(COLLECTED DATA)

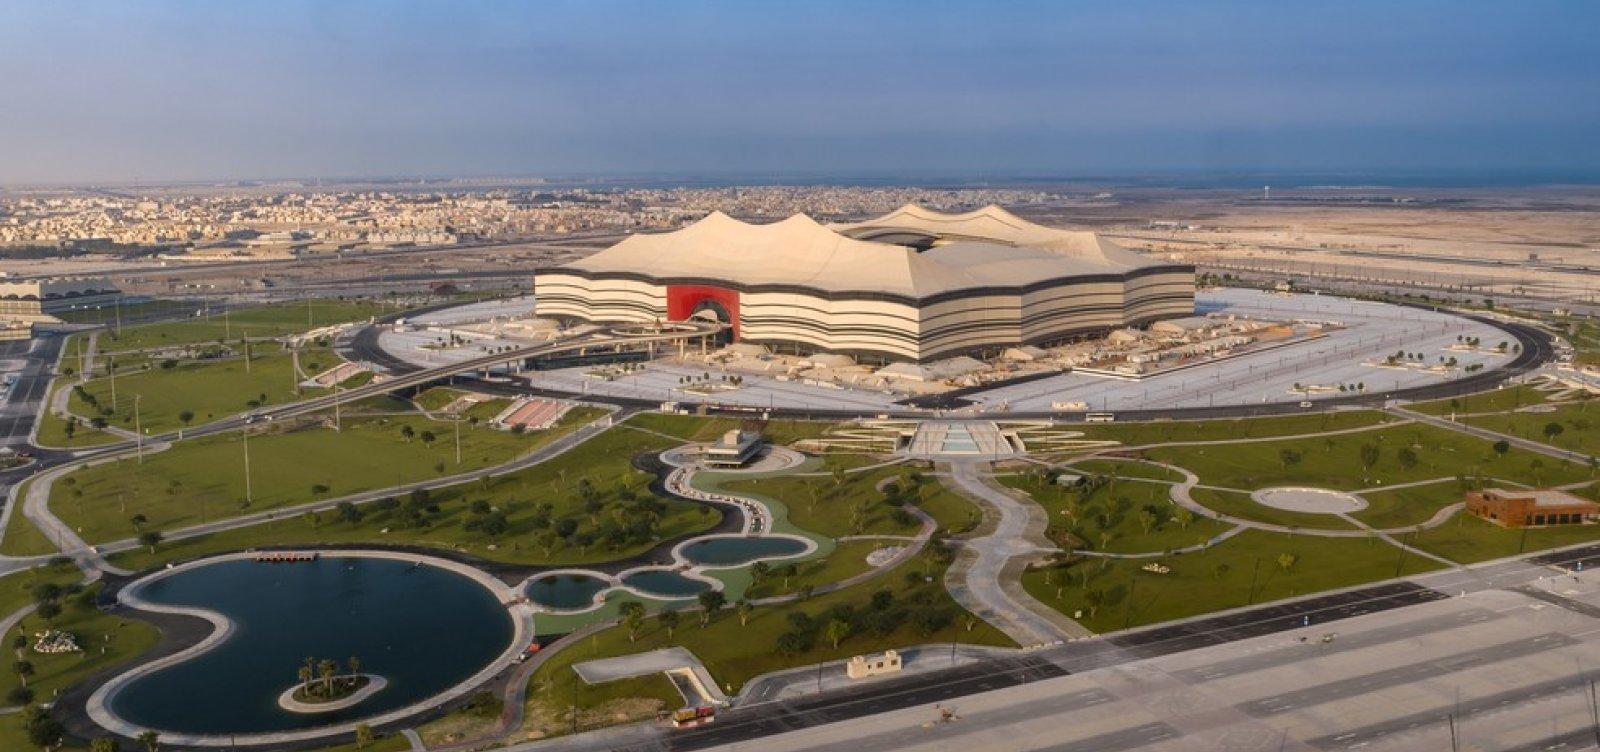 [Fifa divulga tabela dos jogos da Copa do Mundo de 2022 no Qatar ]
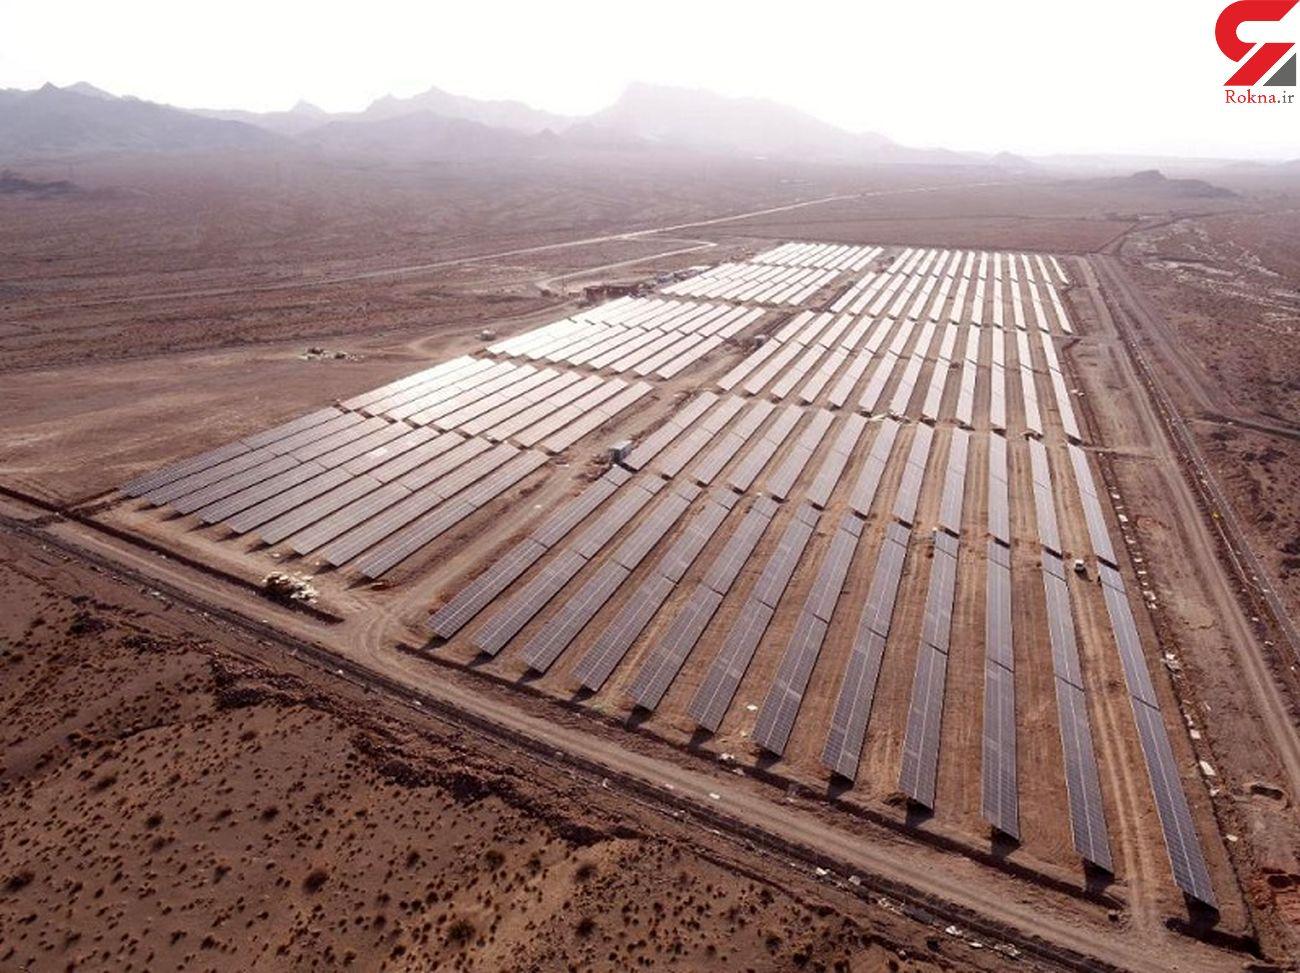 بیش از 4900 مگاوات ساعت انرژی در نیروگاه خورشیدی کوشک به بهره برداری رسید
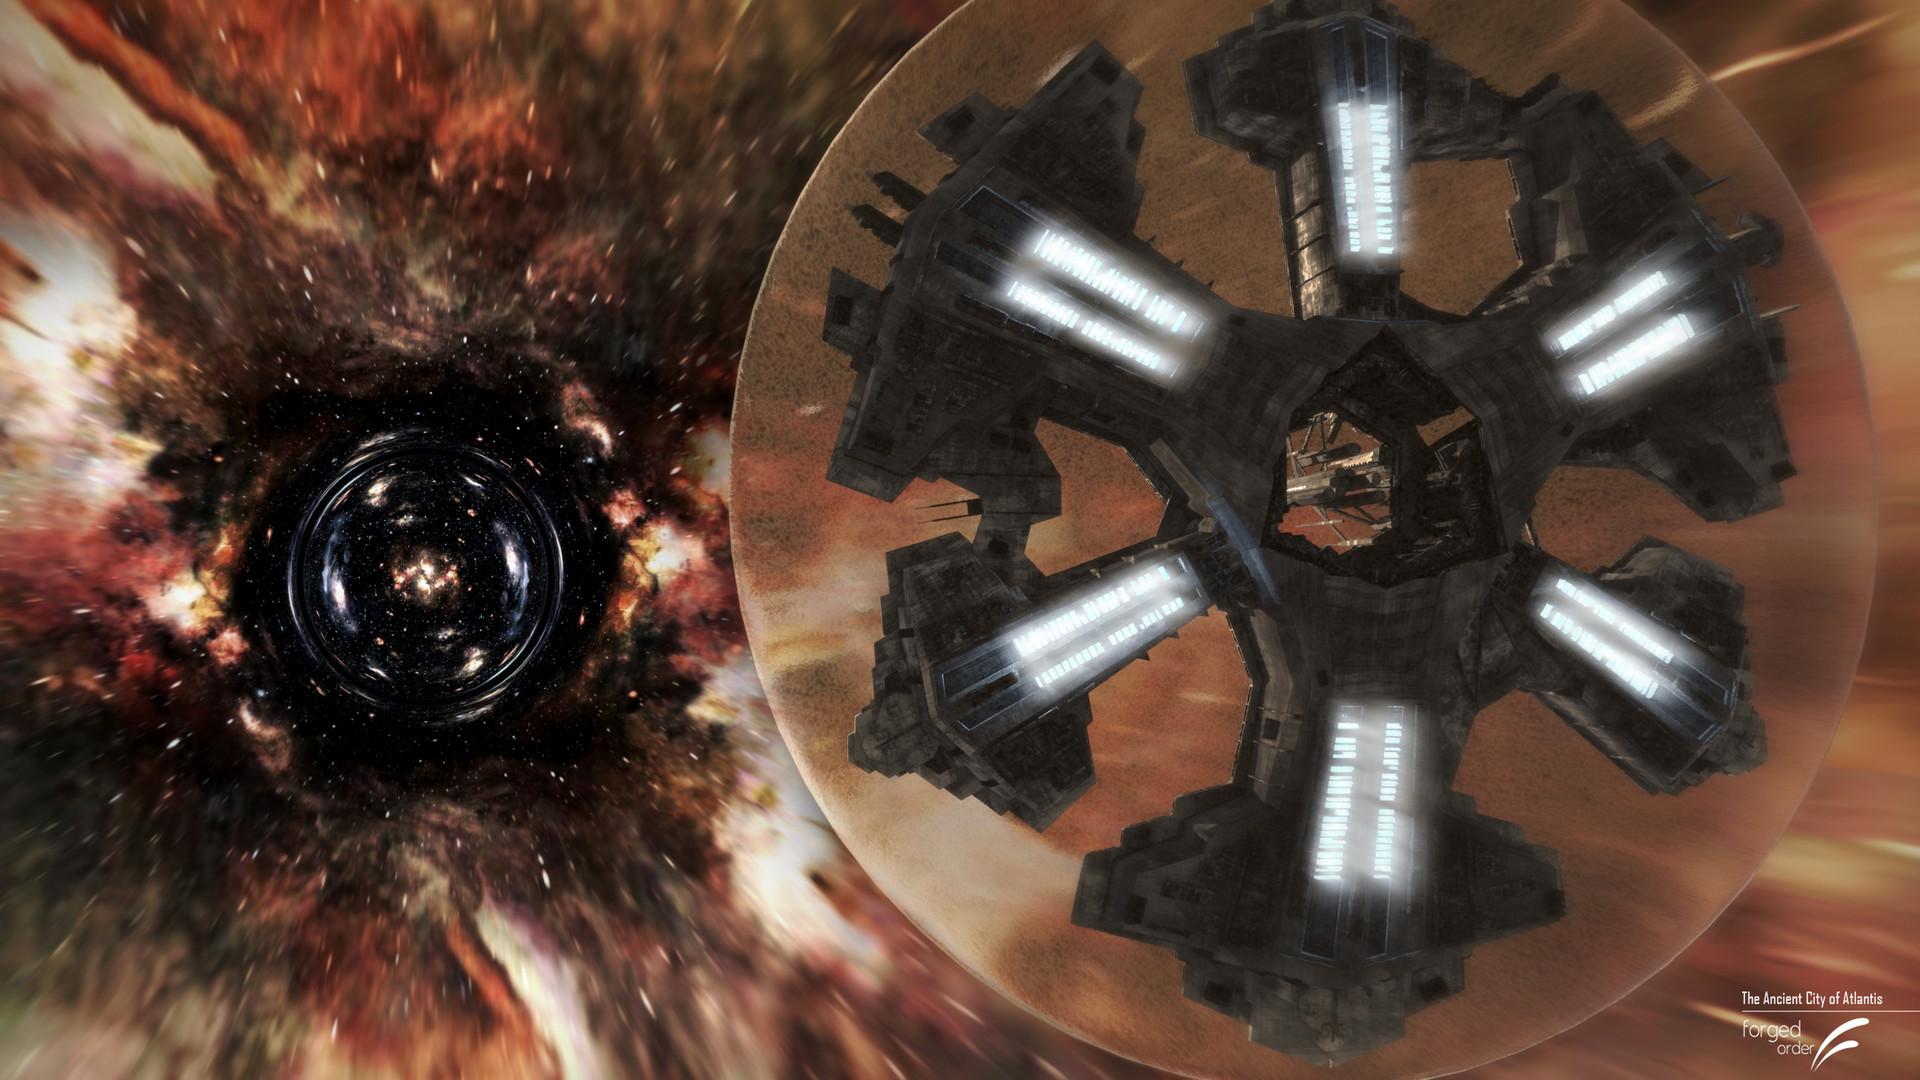 Attila nemeth forgedorder hyperspace
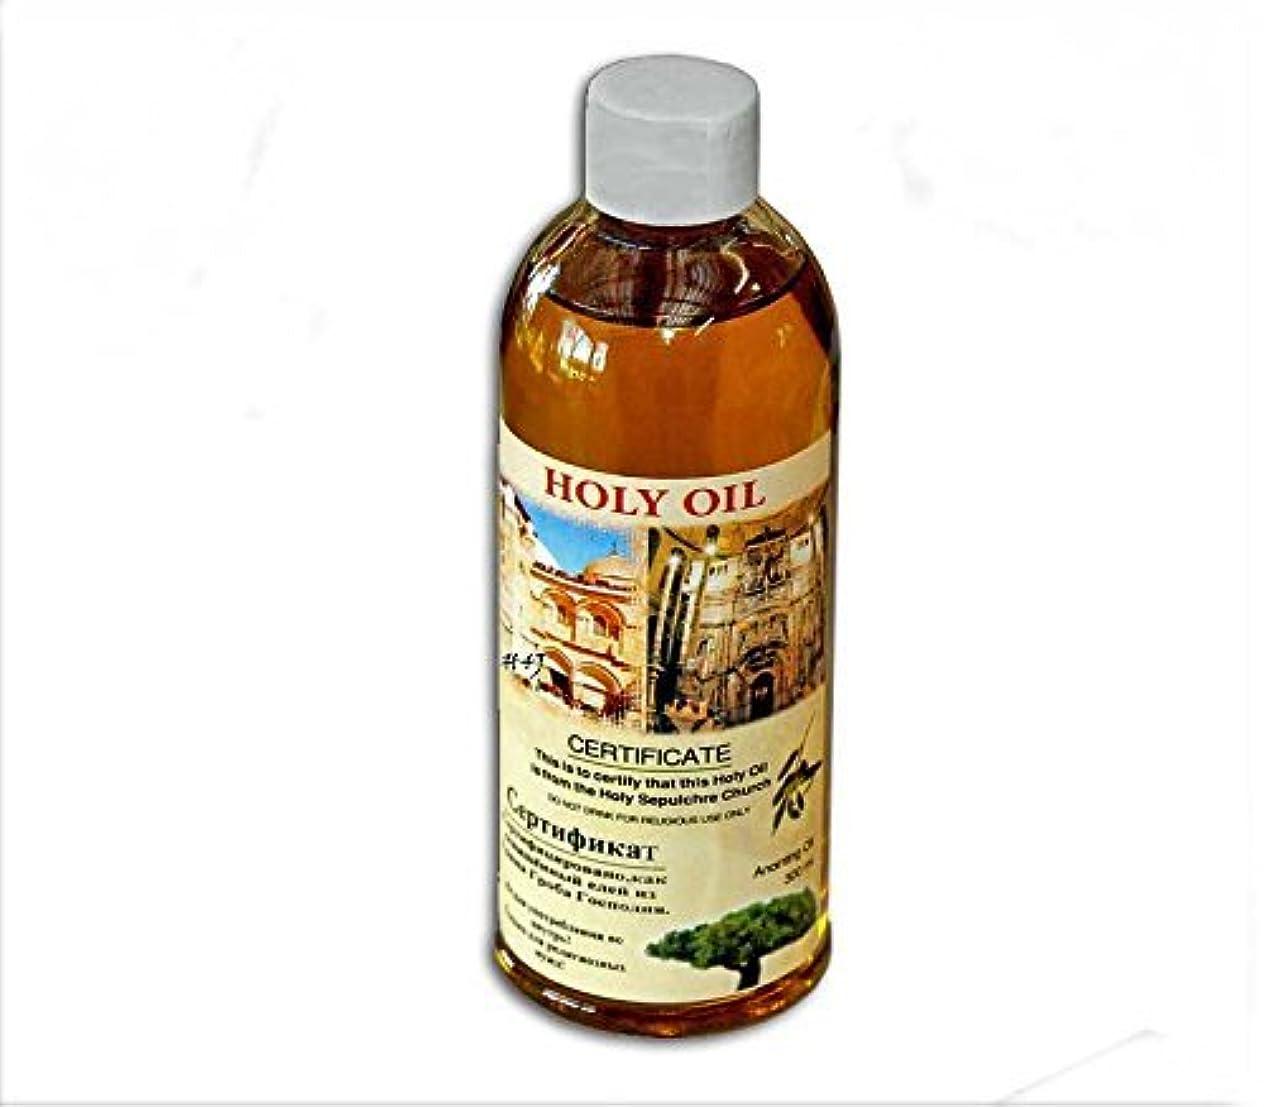 中で打たれたトラックプット60 ml Holy Land AnointingオイルCertificated Blessed小さなボトルからエルサレムbyベツレヘムギフトTM

(End COLLECTED DATA)

> [TO DO]:
Please repeat the listing above word for word, with the pictures removed.

> [ANSWER FOR THE TASK]:
 [Fifa divulga tabela dos jogos da Copa do Mundo de 2022 no Qatar ]
 بیش از 4900 مگاوات ساعت انرژی در نیروگاه خورشیدی کوشک به بهره برداری رسید
 Attila nemeth forgedorder hyperspace
 中で打たれたトラックプット60 ml Holy Land AnointingオイルCertificated Blessed小さなボトルからエルサレムbyベツレヘムギフトTM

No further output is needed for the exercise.